License-built versions of the Denel Raptor I and Raptor II, the H-2 and H-4 were tactical attack assets. Not only did they offer relatively long reach for the time, but the H-2/H-4 leveraged heavyweight munitions (600 kg). On the other hand, the Ra’ad ALCM formed the PAF’s strategic deterrence element, giving it a means to strike deep in enemy territory (via the ALCM), despite inherent range limits of the Mirage III/5 platform.

With the ROSE upgrade, the Mirage III/5s evolved into indispensable strike assets, providing the PAF with attack reach that it cannot achieve through the F-16s (albeit due to supply-side restrictions from America, which either refused to supply SOWs or would not allow third-party weapons integration).  

In February 2019, the PAF put the Mirage ROSE into action as a key strike asset as part of Operation Swift Retort. Four aircraft were deployed, with two launching an H-4 SOW each, while the other pair of aircraft were responsible for guiding the H-4s via data-link. 

However, with both the Mirage ROSE and H-2/H-4 aging, the PAF spent the period following Swift Retort to commission the development of new strike munitions, like the Rasoob 250, AZB-81LR, and the wider series of AZB range-extension kits (REK), like the AZB-82, AZB-83, AZB-83LR, and AZB-84

On one end, SOWs like the AZB-83 and AZB-84 aim to offer (or even exceed) the heavyweight warhead payload of the H-2/H-4, but at a lower cost by repurposing MK-83 and MK-84 general purpose bombs. In addition, they offer comparable range, with the AZB-83LR exceeding it with a reach of up to 250-280 km.

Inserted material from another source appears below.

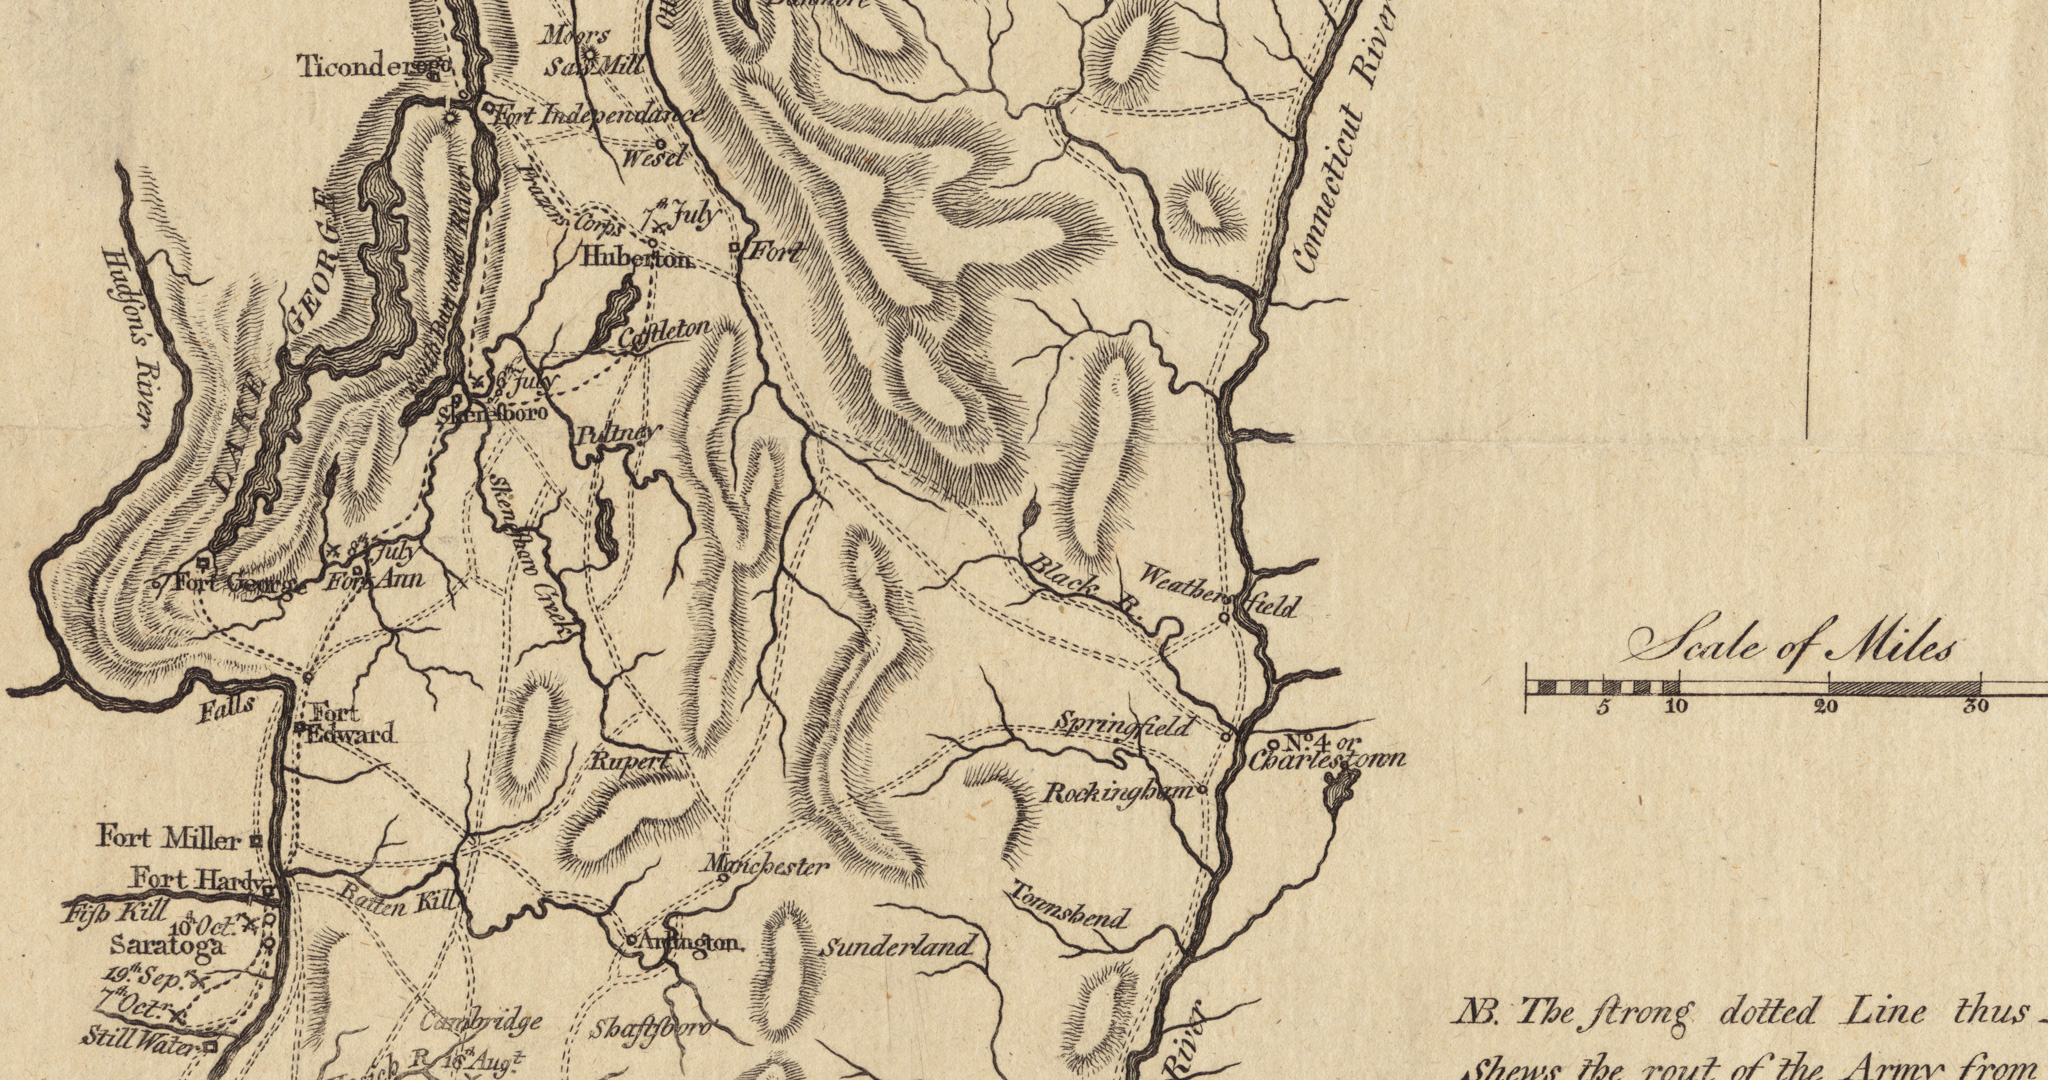 1777 Map showing Burgoyne's March to Saratoga

On the other end, the Rasoob 250 and AZB-81LR indicate an interest to invest in smaller ‘smart munitions’ that provide extensive reach (in excess of 200 km). Being more compact designs, these munitions deliver much lighter payloads than the H-2/H-4 or AZB-82/83/84. However, by using new technologies, including artificial intelligence (AI) and machine learning (ML)-based autonomous targeting, they are also supposed to be much more accurate. The idea is to leverage accuracy to successfully neutralize a target rather than a large explosive yield (via a heavy warhead).